ゲオアクセッション | SRA 実行番号 | サンプル名 | 条件 | レプリケート | 組織 | シークエンシング | 読み取り長 | |
RNA-シークエンス | GSM4116218 | SRR10261601 | Mbnl1KO_Thymus_1 | Mbnl1ノックアウト | 担当者 1 | 胸腺 | ペアエンド | 100 bp |
GSM4116219 | SRR10261602 | Mbnl1KO_Thymus_2 | Mbnl1ノックアウト | 担当者 2 | 胸腺 | ペアエンド | 100 bp | |
GSM4116220 | SRR10261603 | Mbnl1KO_Thymus_3 | Mbnl1ノックアウト | 担当者 3 | 胸腺 | ペアエンド | 100 bp | |
GSM4116221 | SRR10261604 | WT_Thymus_1 | 野生型 | 担当者 1 | 胸腺 | ペアエンド | 100 bp | |
GSM4116222 | SRR10261605 | WT_Thymus_2 | 野生型 | 担当者 2 | 胸腺 | ペアエンド | 100 bp | |
GSM4116223 | SRR10261606 | WT_Thymus_3 | 野生型 | 担当者 3 | 胸腺 | ペアエンド | 100 bp | |
3P-シーケンセック | GSM1480973 | SRR1553129 | WT_1 | 野生型(WT) | 担当者 1 | マウス胚性線維芽細胞(MEF) | シングルエンド | 40 bp |
GSM1480974 | SRR1553130 | WT_2 | 野生型(WT) | 担当者 2 | マウス胚性線維芽細胞(MEF) | シングルエンド | 40 bp | |
GSM1480975 | SRR1553131 | DKO_1 | Mbnl 1/2 ダブルノックアウト (DKO) | 担当者 1 | マウス胚性線維芽細胞(MEF) | シングルエンド | 40 bp | |
GSM1480976 | SRR1553132 | DKO_2 | Mbnl 1/2 ダブルノックアウト (DKO) | 担当者 2 | マウス胚性線維芽細胞(MEF) | シングルエンド | 40 bp | |
GSM1480977 | SRR1553133 | DKOsiRNA_1 | Mbnl 1/2 ダブルノックアウト Mbnl 3 siRNA (KD) | 担当者 1 | マウス胚性線維芽細胞(MEF) | シングルエンド | 40 bp | |
GSM1480978 | SRR1553134 | DKOsiRNA_2 | Mbnl 1/2 ダブルノックアウト Mbnl 3 siRNA (KD) | 担当者 2 | マウス胚性線維芽細胞(MEF) | シングルエンド | 36 bp | |
GSM1480979 | SRR1553135 | DKONTsiRNA_1 | Mbnl 1/2 ダブルノックアウトとノンターゲティング siRNA (Ctrl) | 担当者 1 | マウス胚性線維芽細胞(MEF) | シングルエンド | 40 bp | |
GSM1480980 | SRR1553136 | DKONTsiRNA_2 | Mbnl 1/2 ダブルノックアウトとノンターゲティング siRNA (Ctrl) | 担当者 2 | マウス胚性線維芽細胞(MEF) | シングルエンド | 40 bp |
表 1.解析に使用したRNA-SeqおよびPolyA-Seqデータセットの概要。
この研究では、バルクRNA-Seqおよび3’末端シーケンシングデータからASおよびAPAを検出するためのエクソンベースおよびイベントベースのアプローチを評価しました。

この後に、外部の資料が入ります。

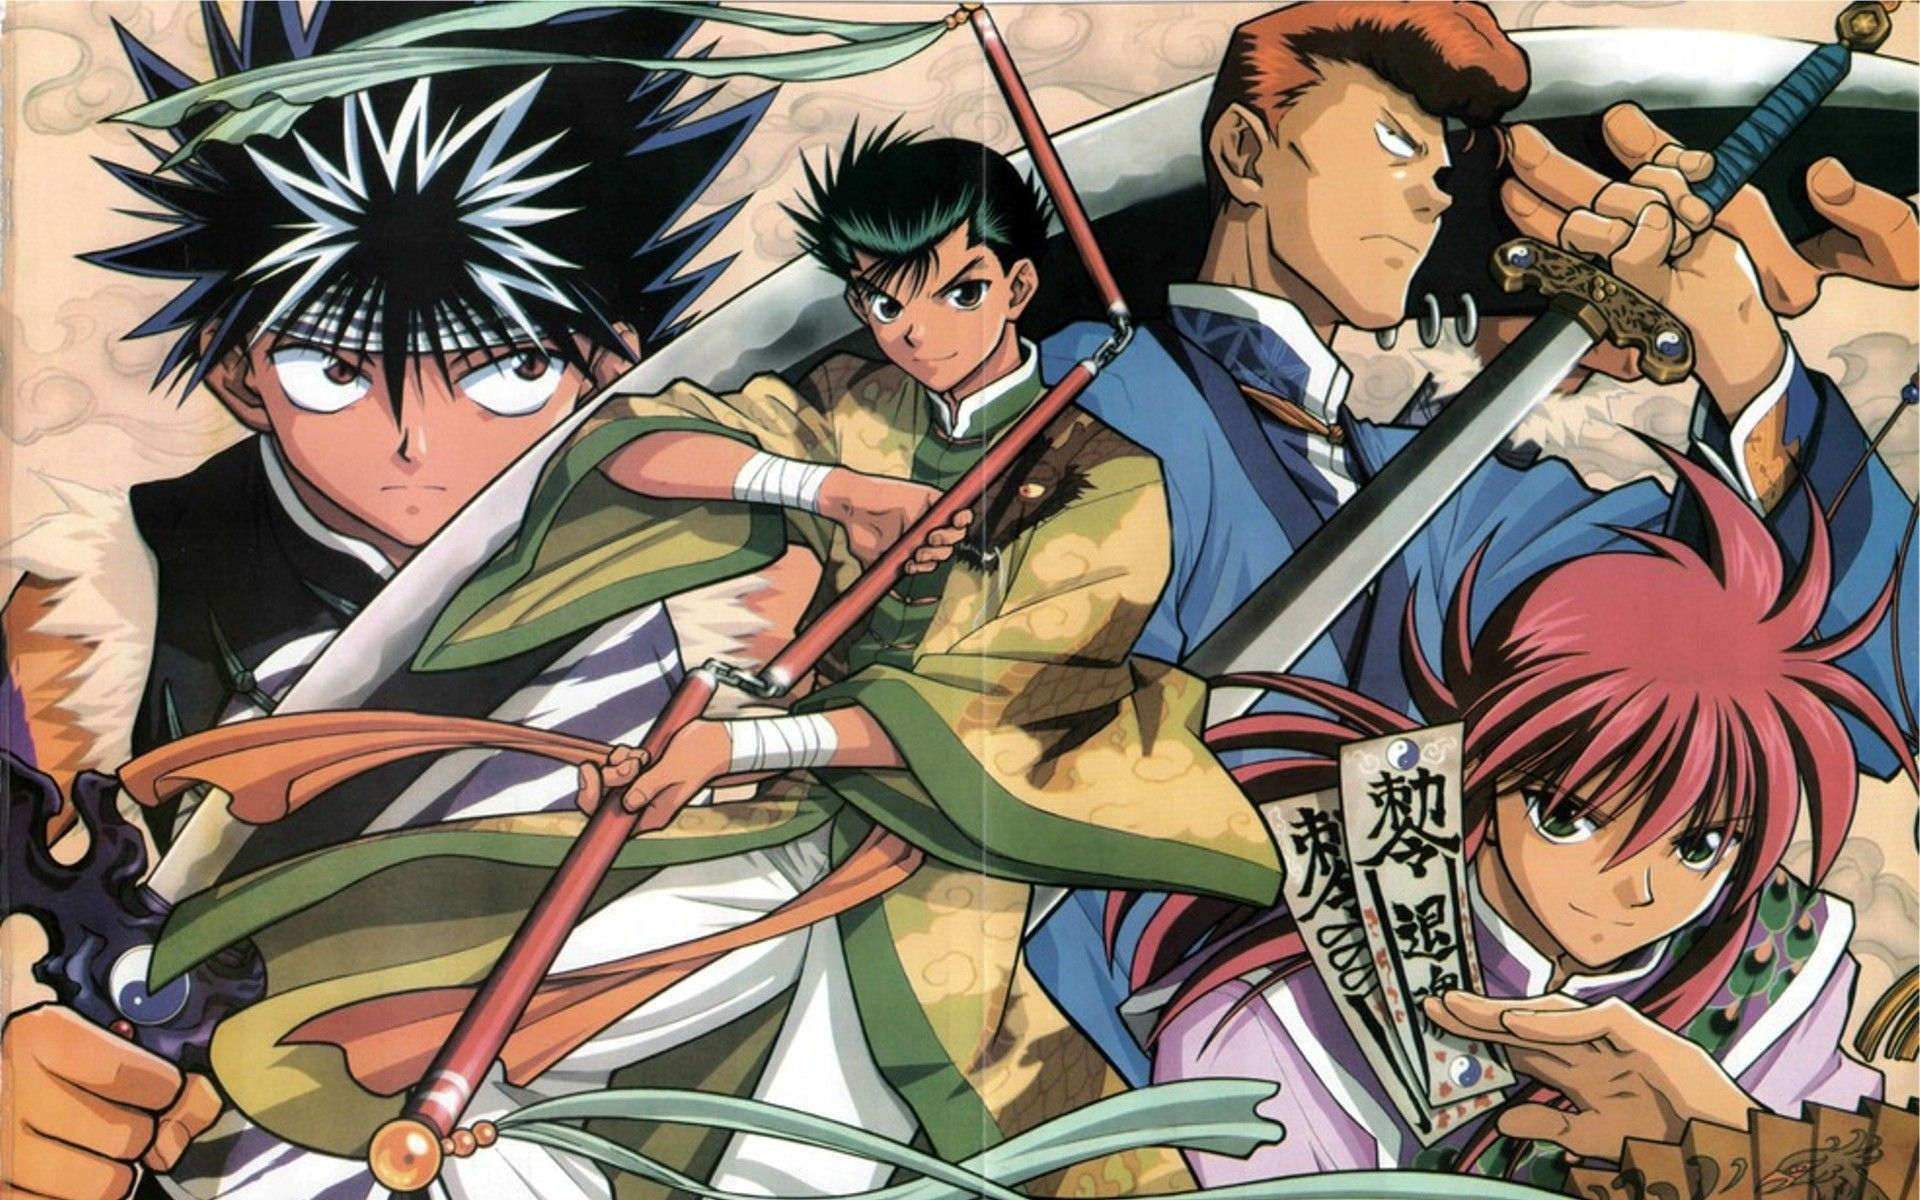 yu yu hakusho wallpapers high quality | download free | manga

エクソンベースのASアプローチは、発現差のあるエクソンのリストと、全体的な遺伝子レベルの差次的スプライシング活性の統計的有意性によって順序付けられた遺伝子レベルのランク付けの両方を生成します(表1-2、4-5</s…
The authors have nothing to disclose.
この研究は、オーストラリア研究評議会(ARC)のフューチャーフェローシップ(FT16010043)およびANUフューチャースキームの支援を受けました。